With CHARLIE HARPER
When voters went to cast their ballots in the Democratic presidential primary election on this week’s Super Tuesday, there were 14 names on the ballot in several states including Virginia. But only five actual candidates were still in the race. Such is the frenetic, chaotic nature of Democratic politics in this renewed era of Anyone But Trump.
When Joe Biden won the South Carolina primary race last weekend with a preponderance of the black vote, it was the first presidential primary election he had ever won, despite this being his third attempt to secure his party’s nomination for the White House.
But that South Carolina win, regarded as Biden’s last, best hope to get his campaign untracked, produced amazingly quick results. Within days, Pete Buttigieg and Amy Klobuchar had both left the race and endorsed Biden. Even forgotten Beto O’Rourke, the former El Paso, Texas congressman, chimed in with his endorsement.
All this activity put on a platter for Republican conspiracy theorists the notion that the Democratic Party and its ruling elites have banded together to deny maverick Bernie Sanders their nomination this year. Whether this notion is true or not, it certainly can seem plausible.
Few experienced observers expect Sanders could mount a serious or successful challenge to Trump unless the American economy falls apart in the next six months. That’s always possible, but with the US central bank intervening to lower interest rates in the wake of the recent stock market sell-off, the chances of a full-blown recession receded somewhat.
So what happened on Super Tuesday?
Biden, buoyed by endorsements by his erstwhile rivals, was a big, broad winner. He prevailed over Sanders in Texas, Virginia, North Carolina, Massachusetts, Minnesota, Alabama, Oklahoma, Arkansas, Tennessee and (probably) Maine. Sanders won in California, Vermont, Utah and Colorado. Bloomberg got some delegates, but not momentum and yesterday announced his campaign was over leaving Warren to wonder whether it’s time she threw in the towel as well.
Life after betraying the president
While American pundits, politicians and commentators got all excited about Tuesday’s polls, lost in all the furore was the curious case of Jeff Sessions.
This mild-looking but doggedly conservative politician from Alabama has become one of the most important case studies in the phenomenon now increasingly known as the Cult of Trump.
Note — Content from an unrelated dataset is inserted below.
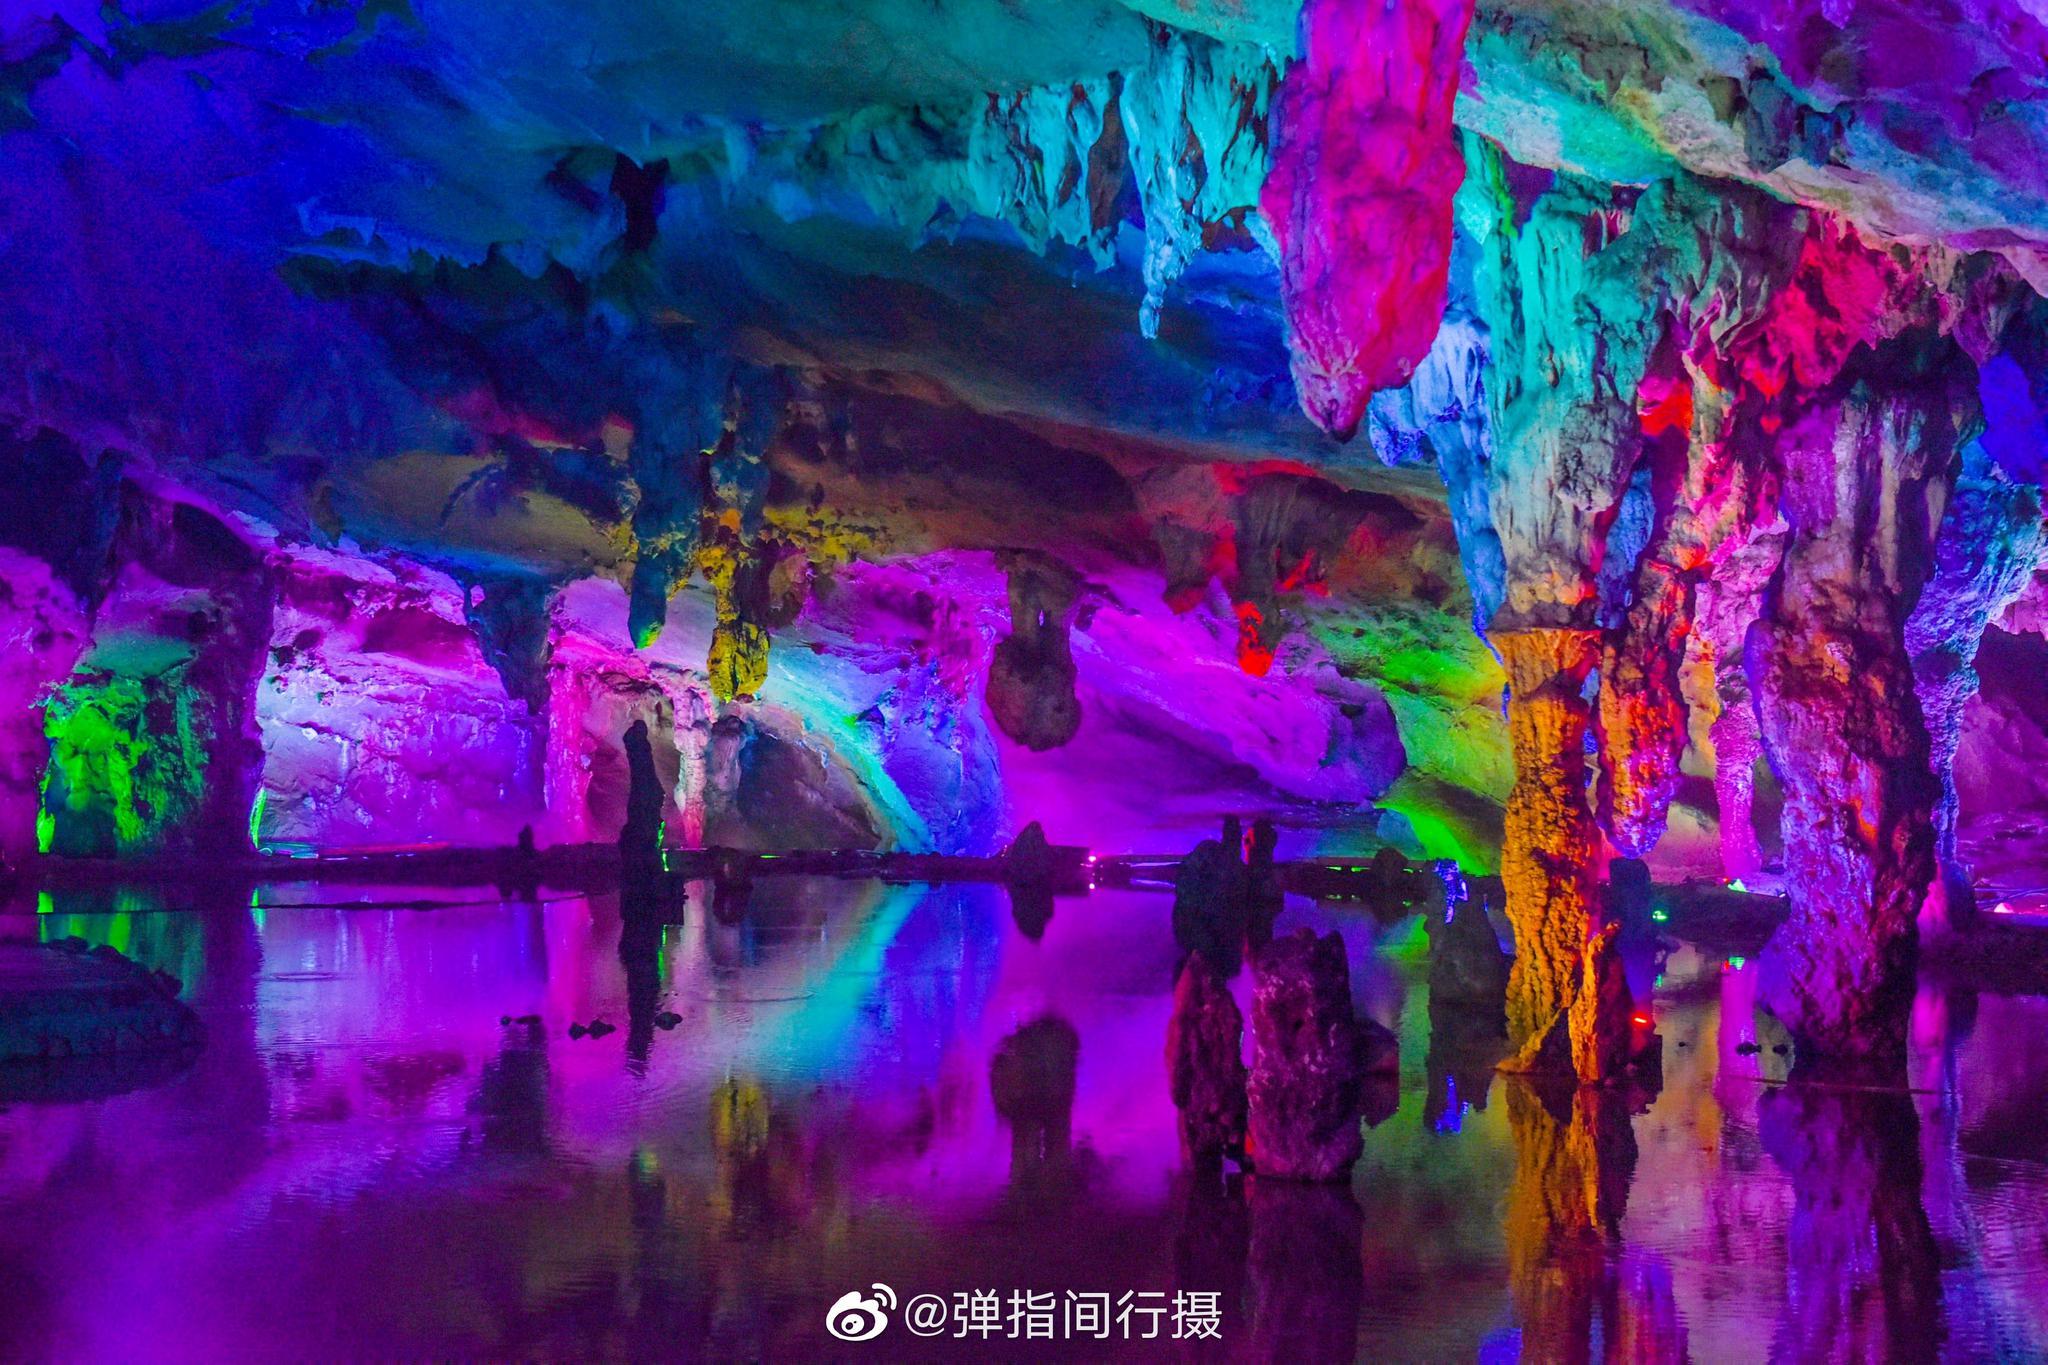 来到广东连州,除了湟川三峡,连州地下河也是游客必去的景点之一

On Tuesday Sessions was in the highly unusual position of running for the Republican nomination for his own former seat in the US Senate - representing Alabama. He held the post from 1997-2016, when he left the Senate to serve as Trump’s first Attorney General.
The basic rule of the Cult of Trump is that the principal qualification for finding favour with the current US President is unfailing fealty to him, and/or donating to him directly or through his hotels and other properties. In the increasingly rarefied and isolated atmosphere of American politics at the congressional level and above, where senators and the president are routinely surrounded by an echo chamber of sycophants and yes-people, this is not altogether unusual.
But the degree to which Trump insists on public obeisance from allies and supporters is striking. It might even be unprecedented.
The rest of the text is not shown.